You see, it gives me pressure when people ask me. As if I am enjoying the last few days of pregnancy, pelvis bursting, back hurting, extra weight on the hips, who wouldn't want to get over and be done with pregnancy at this level? So the more calls asking similar questions, the more irriated I am. Wish there is a delivery 'camp' that I could just stay away from people and deliver when the baby's ready. Sigh...
Seems like this posting wil be a rant session for me eh? Maybe so. I do not have the burst of energy anymore...ran out of it. Now all I do is sleep, sleep and sleep. Can't help it. I get very tired after doing grocery shopping, after Dr's appointments, after watching tv, even after eating!
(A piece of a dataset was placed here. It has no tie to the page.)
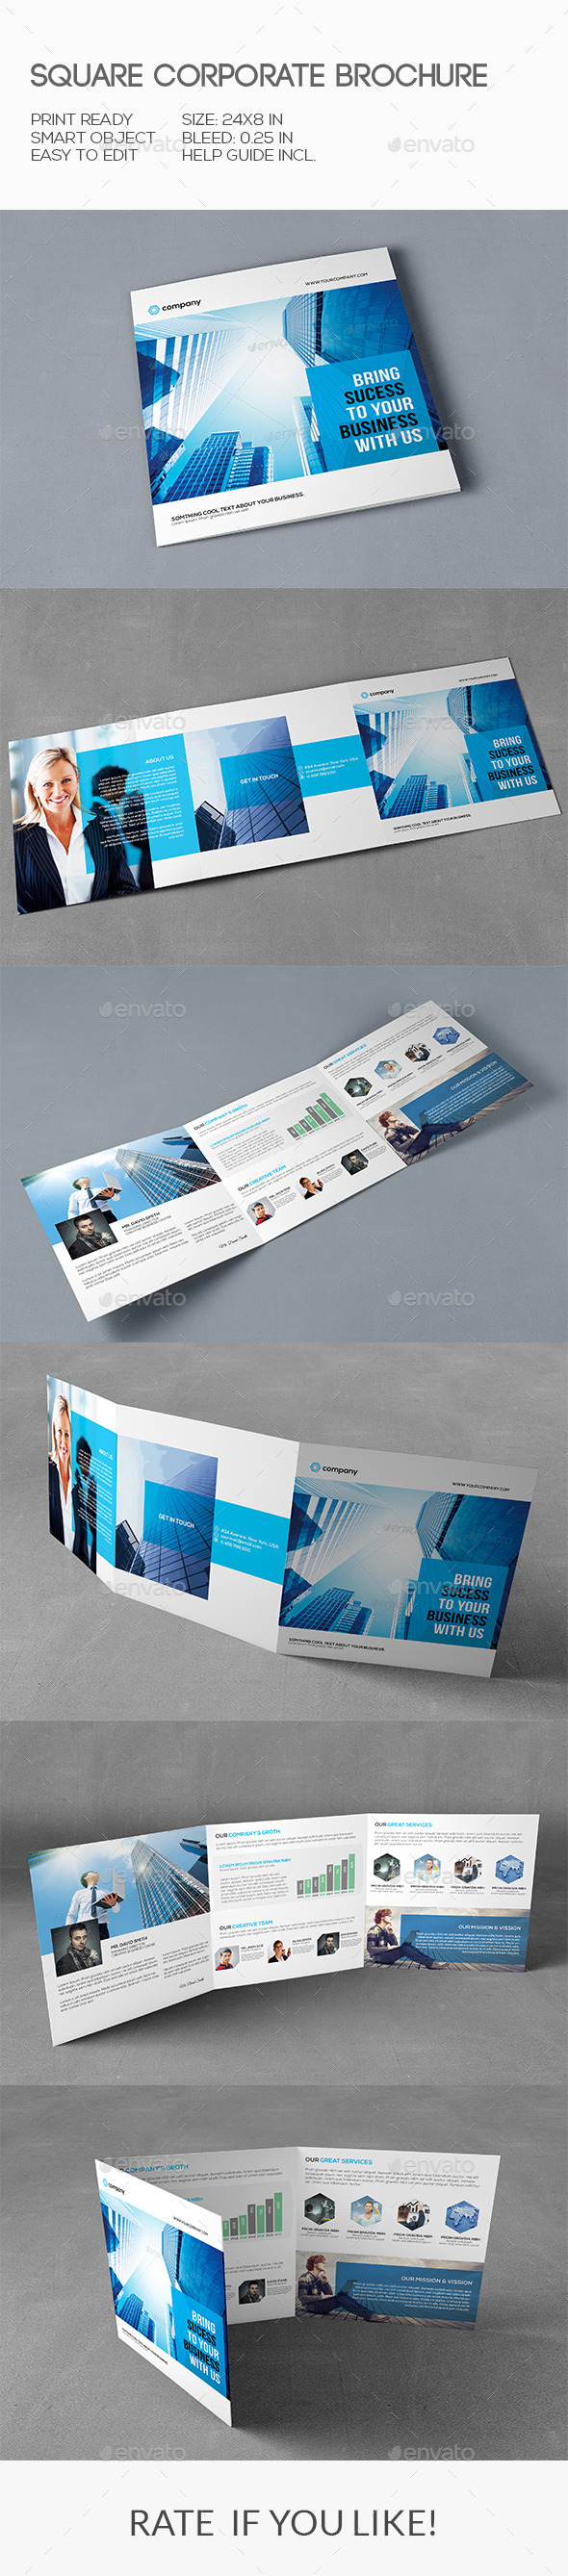 Square Corporate Brochure - Corporate Brochures

I can't walk, sit or lay on the bed for too long as the left side of my leg numbs after a few minutes hence, sleeping can be pretty uncomfortable (I have to shift the weight from left to right every 3o minutes). It is also not a pretyt sight seeing my trying to put my pajama pants on cos I can hardly lift my legs up!
Oh and it is shopping fever now. After the Thanksgiving holiday, I have not stepped into any store just because the husband says that we're on a gross budget cut. Nothing for me at all. But then he came out buying records for himself. Ooopps, before you say anything husband yes, I know that the records are cheap but at least you have gotten something for yourself. Not that I mind but...am I being discriminated from shopping just because I am pregnant??? If I want to go to Dianda's he would say that I have eatened enough cakes and does not want the baby to get fat. Who cares if shes a fat baby, I am not diabetic and I am entitled to eat whatever I want!
So all I do now is stay home, clean, cook and watch Baby Stories on tv, which is all FREE....
It is like 39F now...about almost zero Celcius. No snow here in California unless there is a fluke snow like last year. So winter is approaching and the only warm clothing that I could fit into is this humungous sweat shirt and my shearling coat which I could hardly zip up. If I insist on going out, then maybe I could wrap myself in a thick comforter like the homeless.
Ok...am done ranting...I am going to find something else to do.
7 comments:
alahai.. kesiannya kak ely!!! takper.. hang in there. im sure VERY SOON little eileen suraya will come a-popping. i've been visiting ur blog daily to see if u've given birth. hehe. im here to cheer u on!
jia you! jia you! *ala cina bu*cough*kit* hehe. ;)
xfidah
menghitung hari lah ni ! good luck !
i know! it can get very "lemas" when people won't get out of your hair huh?
baby tu keluar la bila dia nak kluar kan?
and what is this about ely not getting her cake mr big daddy man?
Oh Ely...I so know the feeling of just wanting the baby to quickly come out! Hang in there, girl - it will be soon. Take care!
I, too, have been visiting your blog daily without fail - just cannot wait to see the little one.
fidah, i know, tgh sabar lah nih hehehe.
ninuk, i am tired of counting the days...sigh!
twin, oh yeah thats the word, lemas. the big daddy tgh tak sedap badan, maybe hes having labor before me hehehe.
bq, thank you bq, the baby seems to have her own agenda! u will see the pic very soon :)
Even wrapped in that comforter, you look good Ely.. so go out if you must.
I am waiting with you anxiously.. and praying for your baby and your safety.
thank you dearest CB. ur prayers will be greatly appreciated. insyaAllah, this delivery will be a smooth one, like the other 2.